The Good Life Game-A Review

If you’re looking for a fun and wholesome game for all the family to enjoy, then look no further than The Good Life.

Using your own little wheelbarrow to navigate the board, each player moves around collecting fruit, vegetables and livestock with the winner being the one who fills both their garden and their allotment and is 100 per cent self sufficient at the end.

Like any good farm or small holding, the official currency is hay bales and my children were delighted at the cute little wooden chickens, pigs and bales.

Strong, cardboard tokens have to be pushed out of a card before the first game and they provide food like sweetcorn, strawberries and pumpkins for furthering your Good Life goals.

A bee hive, greenhouse wind turbine and allotment are all things which need to be collected.

The game definitely has an educational element to it which I really love. You feel like everyone can learn something from playing a game which, if you ask me, is the best way to learn.

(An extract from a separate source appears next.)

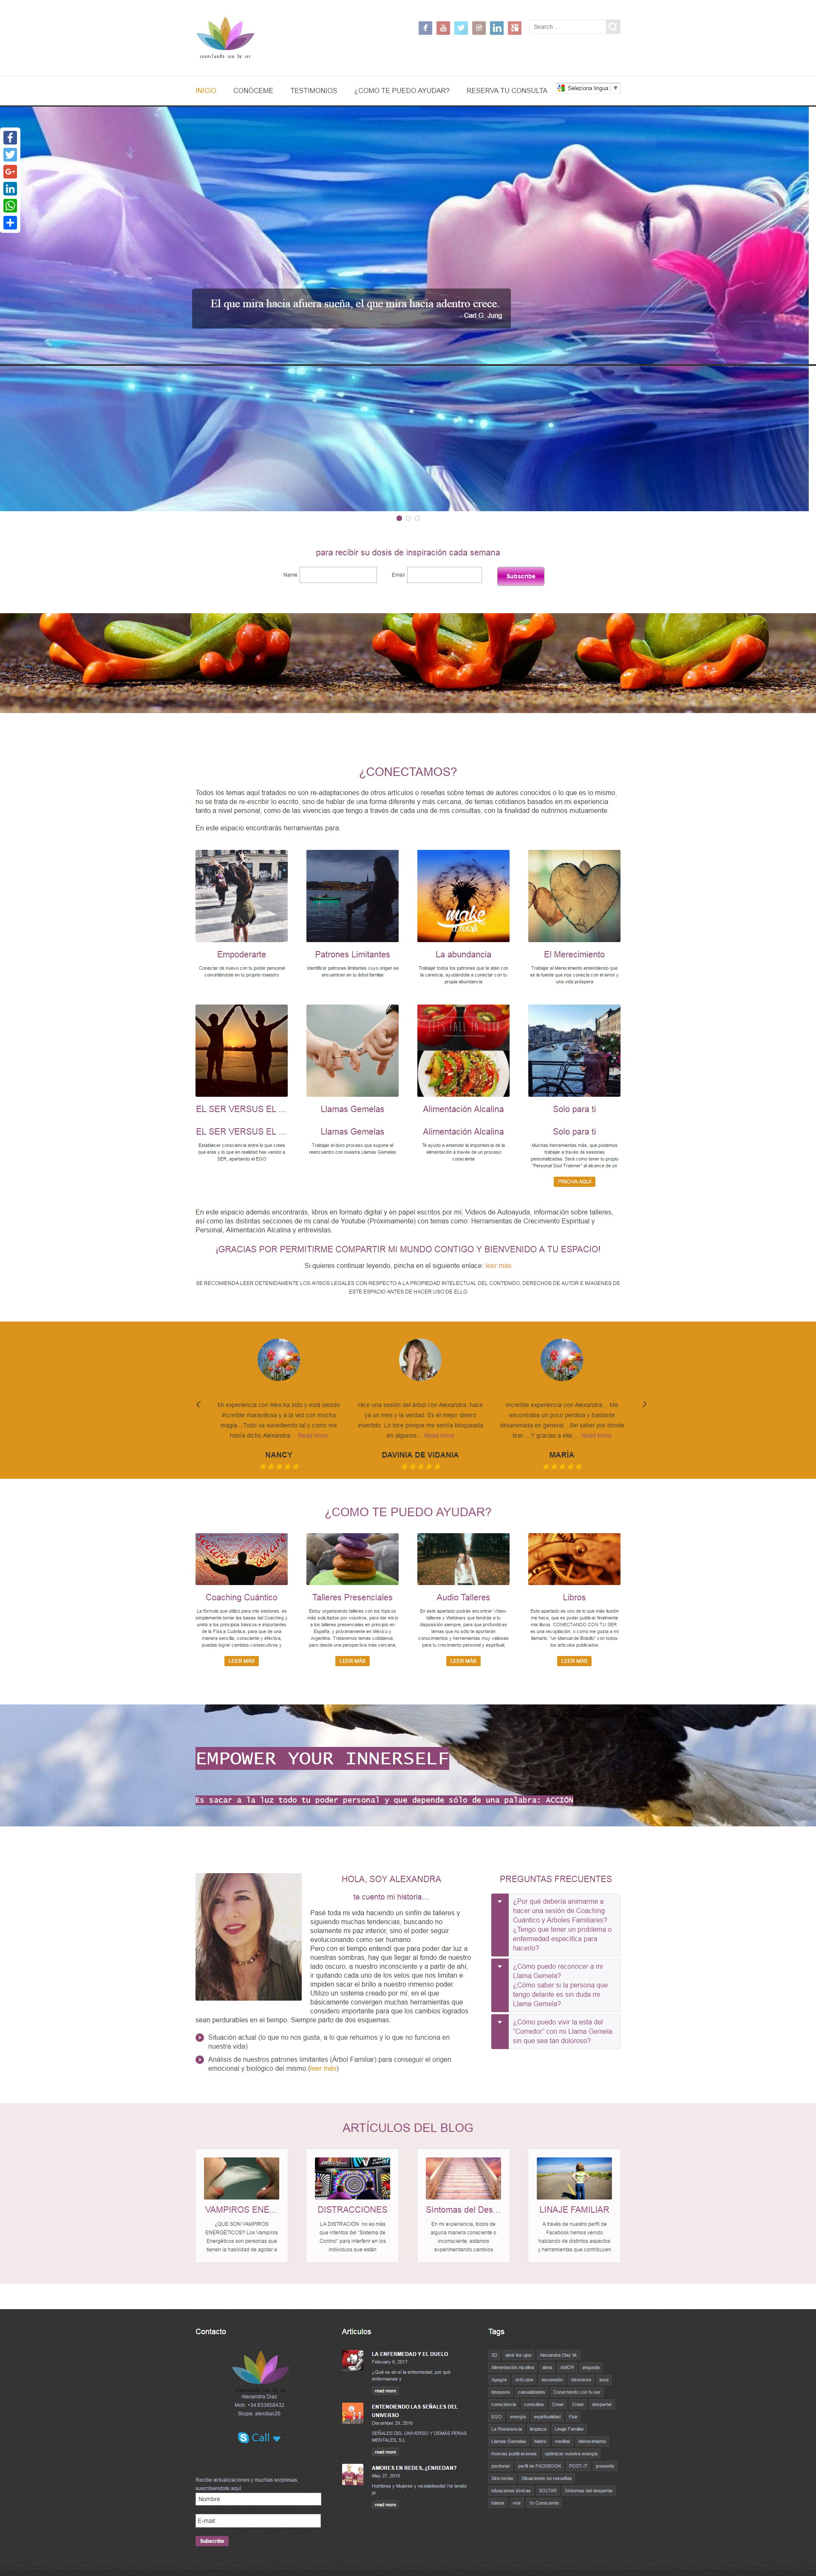 www.conectandocontuser.com

The game is aimed at children aged seven plus but my boys are three and five and they both enjoyed playing. It encouraged numeracy and literacy although, because of their ages, I did have to read some of the instructions and questions out to them.

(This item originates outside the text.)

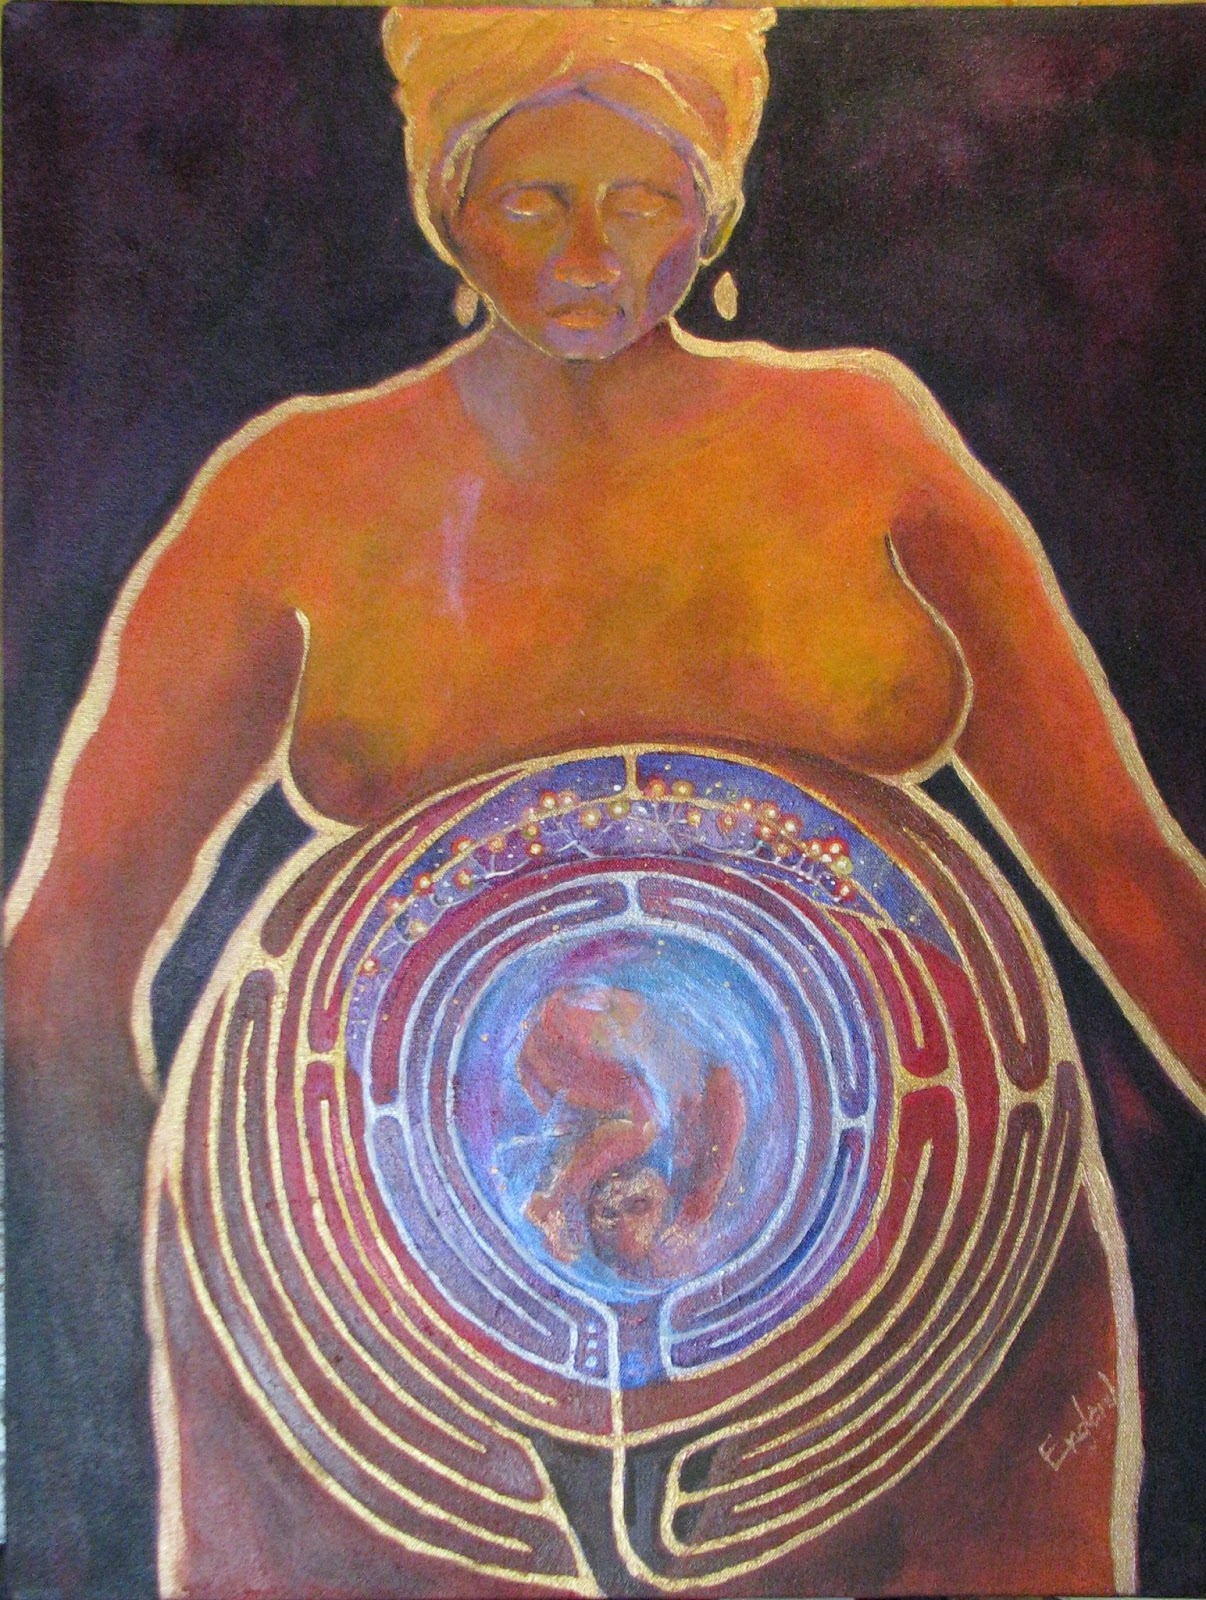 Photo credit:  https://birthpeeps.blogspot.com/2015/11/gestating-in-labyrinth-pam-england.html
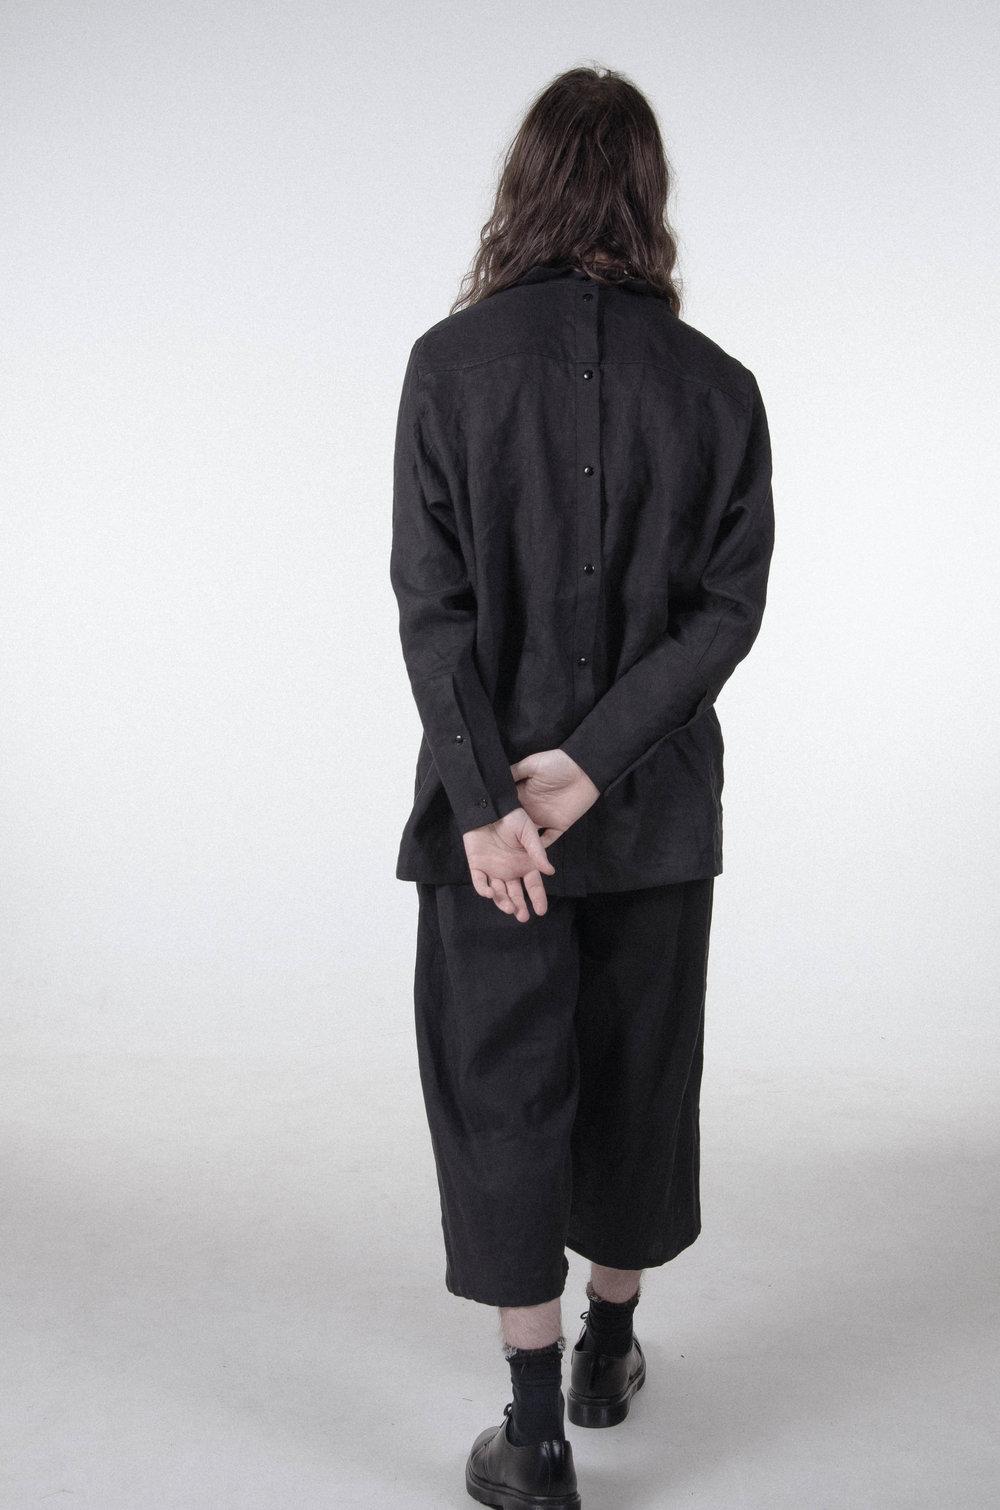 agoraphobia-collective-britt-pooley-backwards-collar-identity-shirt

The Good Life is for two to four players and the farmer and I played it one evening together to much hilarity. Who knew we were so competitive.

The game itself is award winning, is recommended by The Good Toy Guide and Family & Education Awards and the review in the Sunday Times was amazing. They said: “Don’t encourage kids to become greedy bankers with Monopoly – keep them green with this Good Life game.”

Even Prince Charles has lent his support with a quote on the back of the box.

If you’ve ever wanted to go ‘self-sufficient or grow your own, the game is a great way of giving it a go without the commitment.

Farmers, smallholders and gardeners will all love to play. The Green Fingers cards turn up unexpected twists and turns and you must protect your chickens from foxes.

Crops and livestock are sold at the village fair, and it is really true to life with players aiming to avoid drought, bird flu and swine flu-as well as making sure none of your animals escape. 

I love playing board games with my children anyway but the fact that it is nature inspired and encourages things like growing food and looking after animals makes it right up our street.

As the children get older, I can see them playing for hours with The Good Life game. I just hope they still want me to play too.

*We were sent The Good Life Game for the purpose of this review but all opinions are my own.